IMHO - One challenge with older Leigh units is thickness limitations. The 514 is limited to processing stock with max thickness of 3/4", due length of cast fingers. The shims you referred to earlier, are how you adjust the fit of your joints, and are dependent on exact wood thickness sizes. If the wood from one project to another is 1/32" different, then you need different shim and setup for each project. 
Another issue in reviews on earliest jigs I found made comments about time challenges of getting everything perfect, and then keeping same wood thickness for subsequent projects to avoid a new trial and error test fit every time. The newest Leigh jigs have made changes to simplify setup and adjustments, and even commented in the new manuals on how much simpler they work compared to old Super or TD series jigs.

Whether you 'WILL LIKE' a TD-514 jig or not is personal decision, that I leave for you to decide.

Best Luck!


----------



## nickbatz (Mar 7, 2018)

Thanks CK. I ordered it, so we'll find out the answer to my original question.


----------



## Kazooman (Jan 20, 2013)

> Not worried about sawdust - I do this outside. But yeah, I know very well how much sawdust routing creates.
> 
> - nickbatz


It is not just the amount of sawdust and chips the process creates, it is the direction they are thrown. You would like to get down to a point where you can see what is going on and the stuff is hurled right in your face. Even if you don't get too low, the stuff is thrown at you when you are standing in front of the jig. Crap ends up in your pockets, shoes, and all sort of unmentionable places. I got the retrofit dust catcher system and it is a huge improvement. Well worth the investment.


----------



## LesB (Dec 21, 2008)

For those who come back to this posting I have what I think is a better solution.

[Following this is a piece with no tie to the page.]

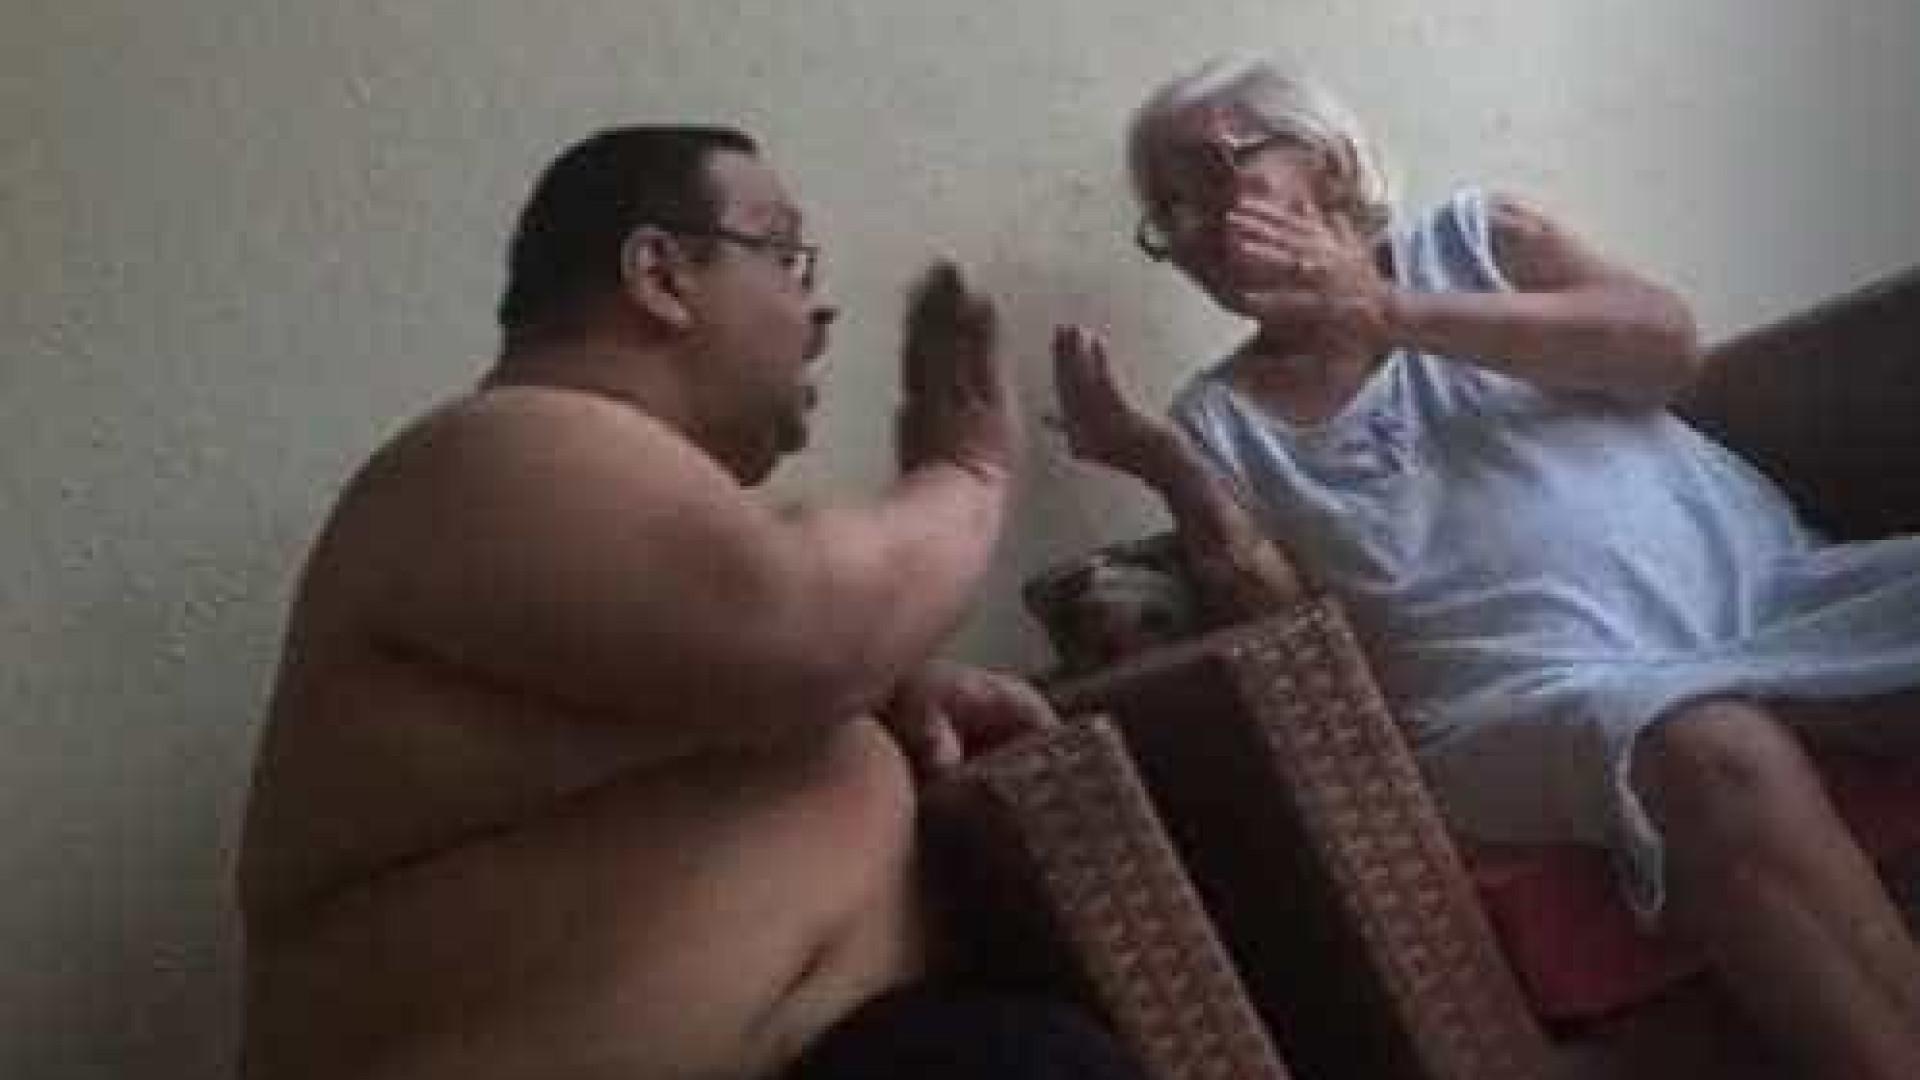 Filho é flagrado agredindo mãe idosa em São Luís

I used the DR4 for several years but have changed to the PantoRouter for accurate repeatable dovetails in almost any lumber thickness. It is relatively expensive however it is easier to set up and in addition to dovetails it cuts a variety of mortise and tenons and a many of other router based cuts. One draw back is that it does not do blind dovetail…yet. My 10 and 12 year old grand sons can even use it.

I don't know if I will ever use my DR4 again, maybe I should sell it.


----------



## nickbatz (Mar 7, 2018)

That looks really great, but it's for career woodworkers, not for me.


----------



## Foghorn (Jan 30, 2020)

> For those who come back to this posting I have what I think is a better solution.
> 
> I used the DR4 for several years but have changed to the PantoRouter for accurate repeatable dovetails in almost any lumber thickness. It is relatively expensive however it is easier to set up and in addition to dovetails it cuts a variety of mortise and tenons and a many of other router based cuts. One draw back is that it does not do blind dovetail…yet. My 10 and 12 year old grand sons can even use it.
> 
> ...


Simple is good for most applications. I love my D4R for its versatility and accuracy. I use mine often enough for certain applications that I don't have to refer to the manual.


----------